You are no coward, she reminded herself, embarrassed that she could even think of running away. Straightening her spine, she let go of the doorframe. “Sister Gris, how may I help?”

The nun looked over her shoulder. Wimple askew, her round face nearly as red and wet with perspiration as her patient’s, she leaned over Angela, holding her hand. “Come get her other hand. This baby has been too long in the birth canal. We have to make him come, or she’s going to—”

“Yes of course.” Geneviève darted to the other side of the bed. “Angela, take my hand. I’ll help you.”

But her friend had slumped against the stained bolster behind her back. Tipping her head back, she let out a sobbing moan that seemed to come from her toes. “I can’t. I’m too tired.”

“You have to. You want this baby, don’t you?”

“Of course I do. But he’s—just like Xavier. Stubborn.” A weak giggle told Geneviève that the fight was not yet over.

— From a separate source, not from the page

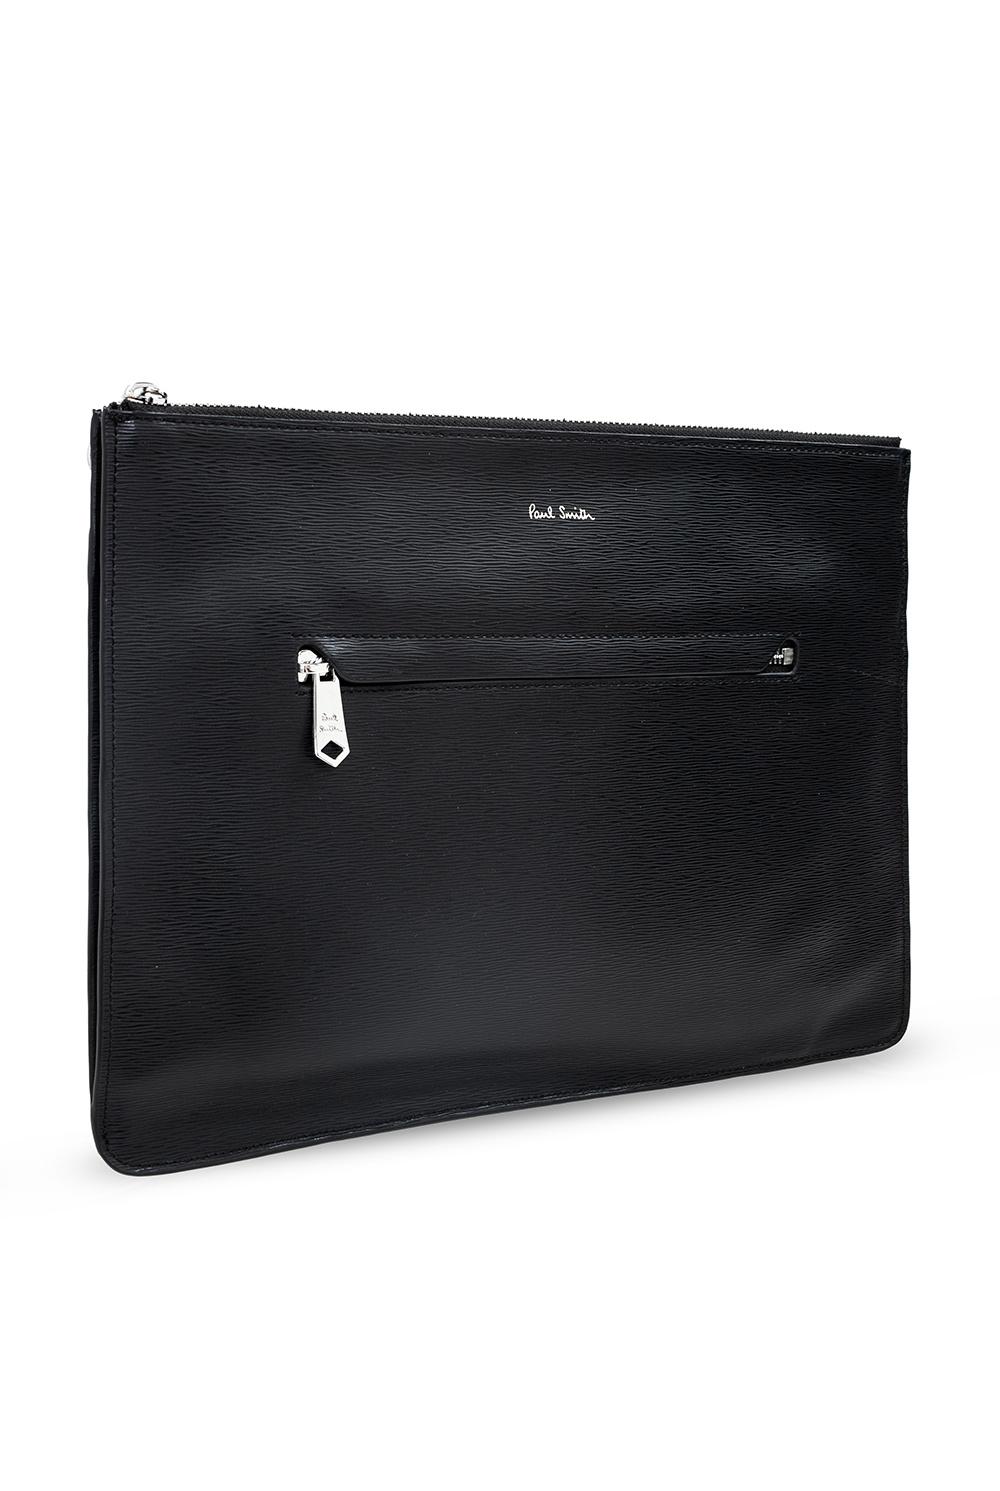 Paul Smith Leather hand bag

She gripped Angela’s hand hard and exchanged glances with Sister Gris. “Then you’ve got to push again. Wait till the pain comes again, then—”

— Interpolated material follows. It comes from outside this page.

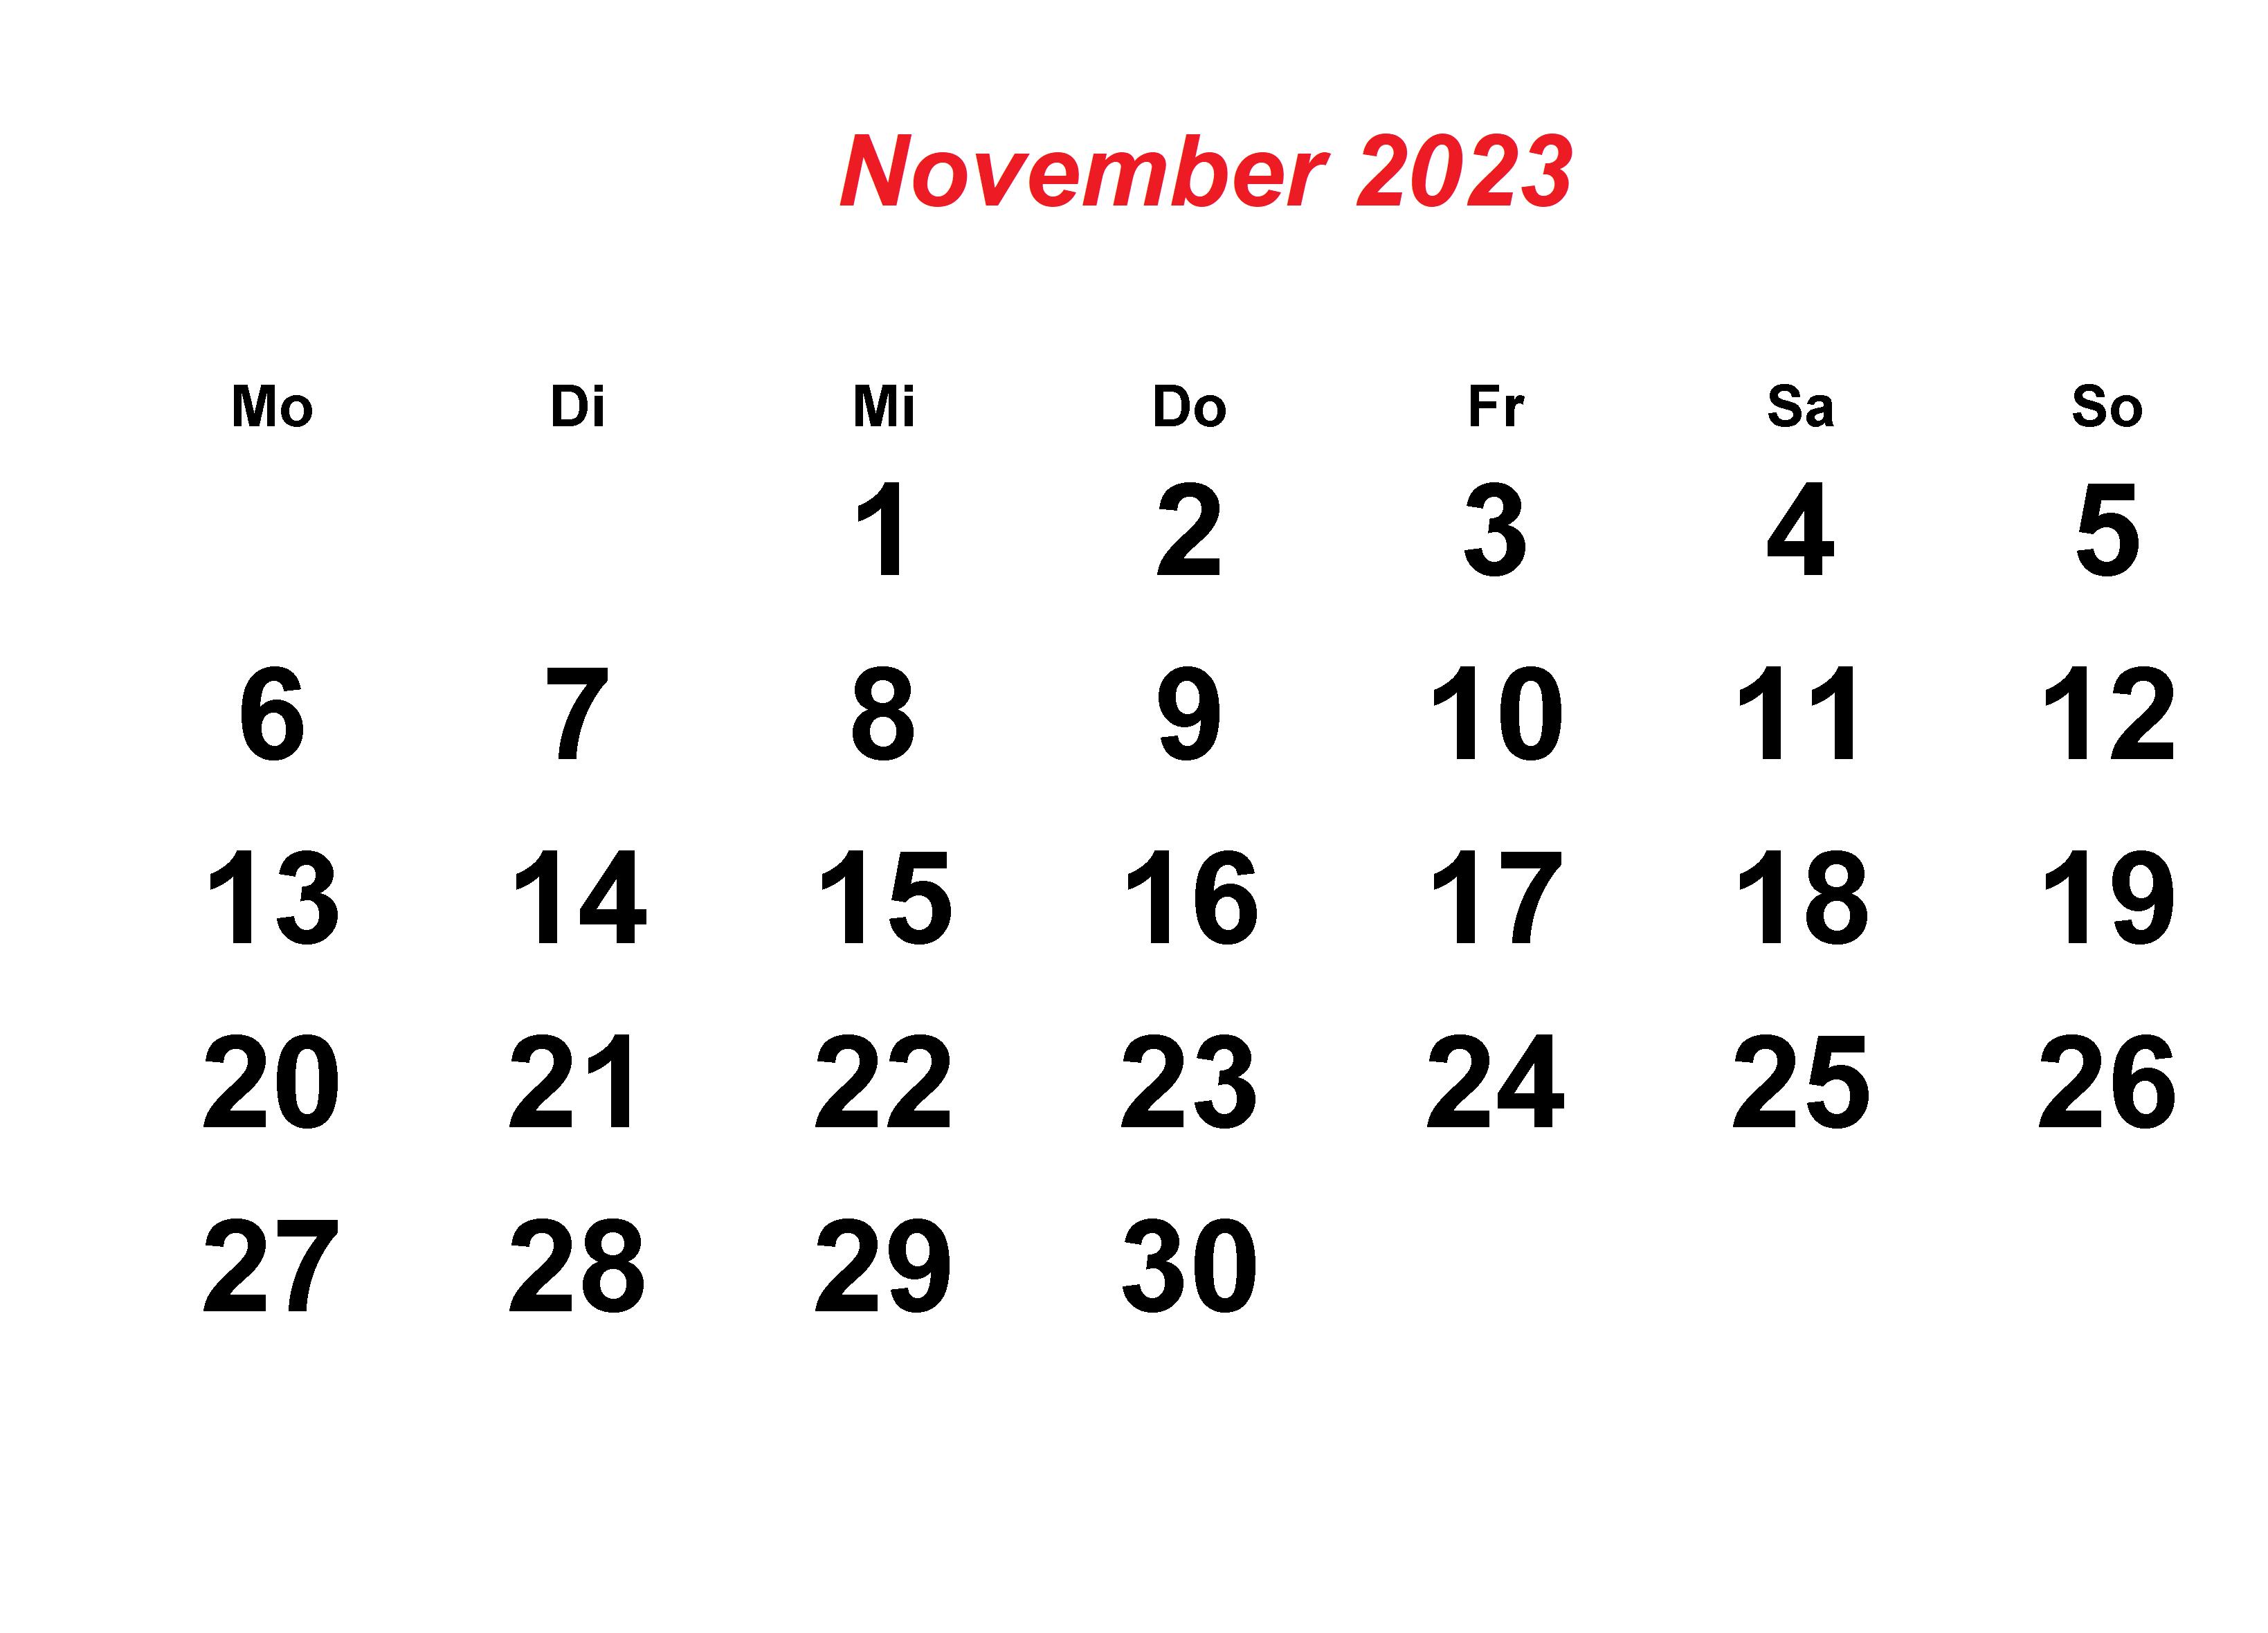 November 2023 Kalender Ausdrucken

“Pain? Why, this is—” She lurched off the backboard and shrieked, “—nothing!”

Geneviève felt the bones of her hand crunch together, and the next few minutes seemed to last for days as Angela pushed and panted and screamed and pushed again, until at last a little dark-crowned head appeared. She and Sister Gris assisted as best they could, though Geneviève felt that it was little enough. The pain of birth—God had said it must be so. The Bible predicted that a woman’s desire would be for her husband, and the product of their union must result in agony as well as ecstasy.

She had seen and experienced that paradoxical truth this very day.

Our God, we are only women. Help us trust you to keep us in what you give us to bear.